После этого сторонники Стефана начали жестоко преследовать сторонников Константина, в том числе самого Константина, которого прогнали по улицам Рима с тяжелыми кандалами на ногах [5]. Епископ Феодор, видам Константина, и брат Константина, Пассивий, были ослеплены [5]. После официального низложения Константина 6 августа Стефан был рукоположён Папой (7 августа 768) [6]. Месть сторонникам Константина продолжилась даже после рукоположения Стефана.
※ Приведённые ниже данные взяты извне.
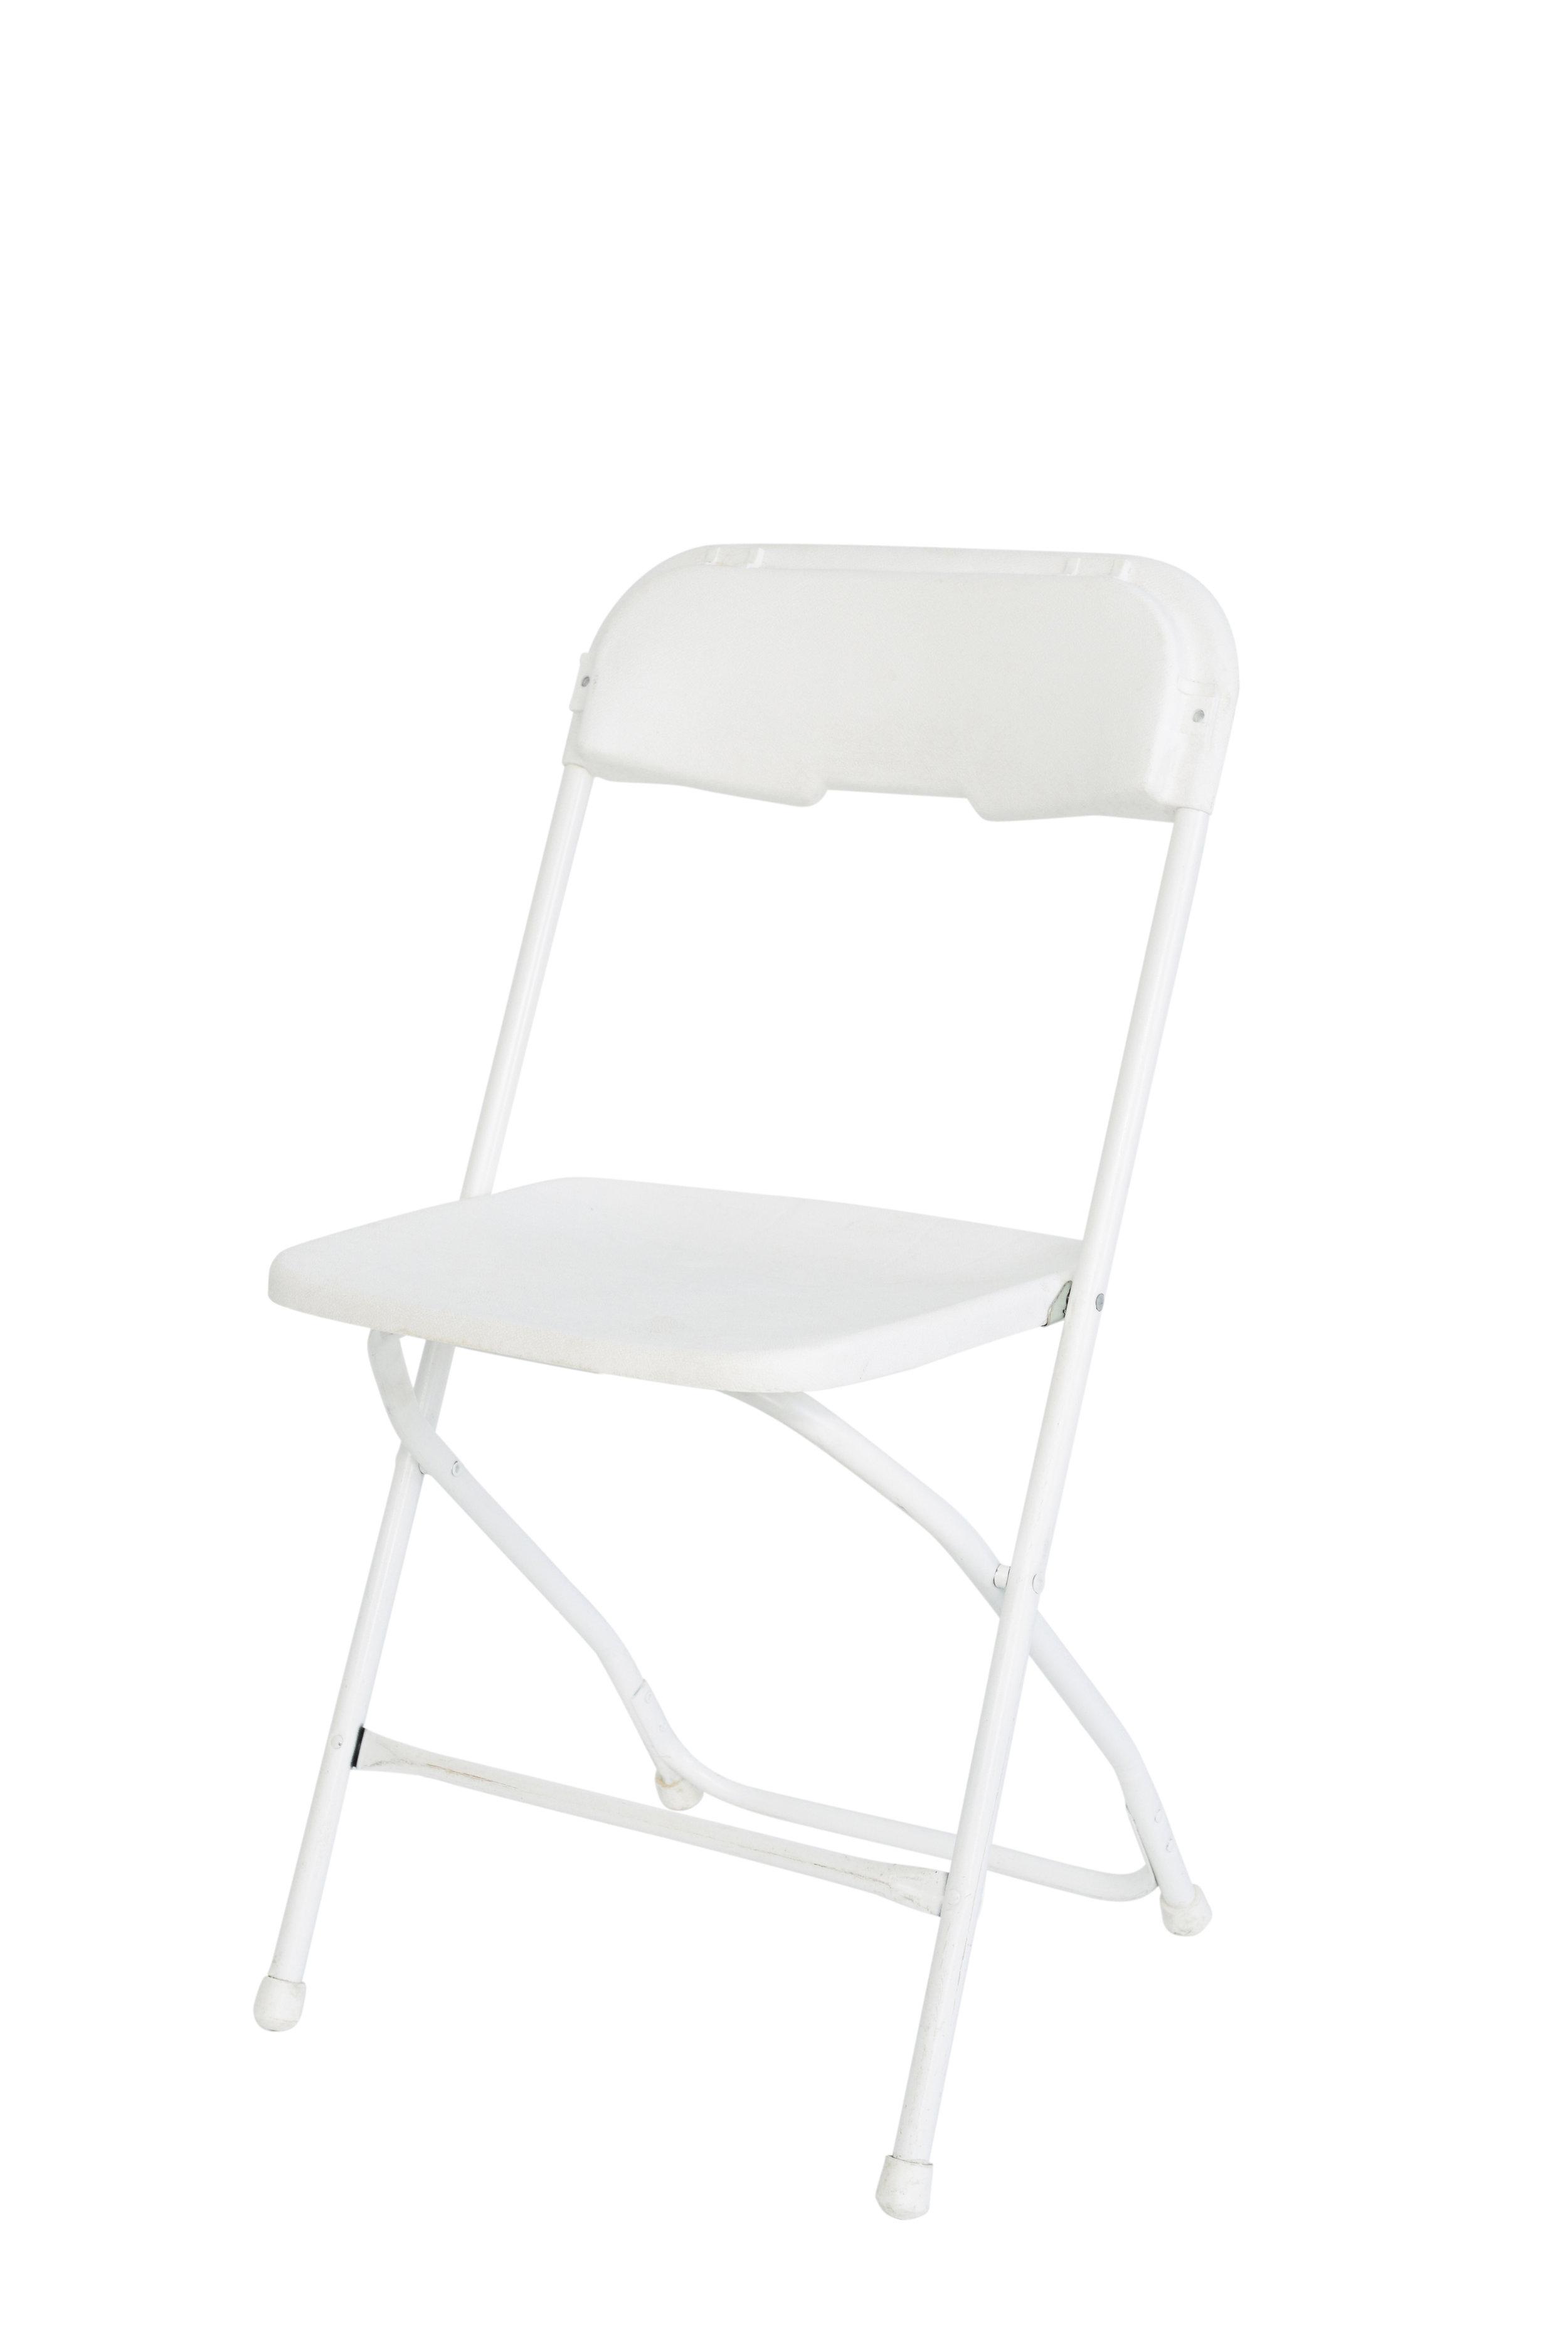 White folding chairs qty. 45

Город Алатри восстал в поддержку Константина, и после его захвата лидеры восстания были ослеплены, а их языки вырезаны [7]. После этого по приказу папского хартулария Гратиоса Константин был выдворен из его монашеской кельи, ослеплен и брошен на улицах Рима с указанием, что никто не должен ему помогать [8]. Наконец, по обвинению в заговоре с целью убийства Христофора и сдачи города лангобардам священник Вальдиперт - главный сторонник антипапы Филиппа, - был арестован, ослеплен и вскоре умер от ран [5][9].

Роль Стефана III в этих событиях неясна. По словам историка Горация Манна, Стефан был пассивным наблюдателем, и ответственность лежит на хартуларии Гратиосе [5]. Однако, по словам Луи-Мари Декорменена, Стефан был ключевым лицом, ответственным за преследования, и он с удовольствием организовал уничтожение своих соперников и их сторонников [8]. Промежуточную позицию занял историк Фердинанд Грегоровиус, который заметил, что Стефан, возможно, не был организатором преследований, но и не стремился их предотвратить из-за своей корысти или слабости своих позиций [10]. Очевидно, что преследования антипап в этот период уже вышли на более высокий уровень - уровень соперничества знатных семей за господство над новыми территориями Папской области. Эти семьи стремились подавить конкурентов и перетянуть папу на свою сторону [11].

Латеранский совет 769 года и конфликт в Равенне

Подавив сторонников Константина, Стефан написал королю франков, Пипину, уведомив его о своем избрании и прося франкских епископов участвовать в совете, на котором папа рассчитывал обсудить недавнюю смуту. Пипин уже умер, и его наследники Карл и Карломан согласились послать двенадцать епископов для участия в Латеранском соборе 769 года [12]. Собор окончательно осудил антипапу Константина, который был избит, а его язык урезан, после чего он был возвращен в келью. Все церковные назначения, сделанные Константином, были признаны недействительными. Собор также приступил к созданию строгих правил папских выборов, ограничивая участие дворянства в последующих выборах. Впредь папой не мог стать простой человек, не прошедший церковной иерархии от низших чинов до сана диакона или пресвитера-кардинала. Участие народа в избрании папы было упразднено. Наконец, практика иконоборчества была осуждена [13].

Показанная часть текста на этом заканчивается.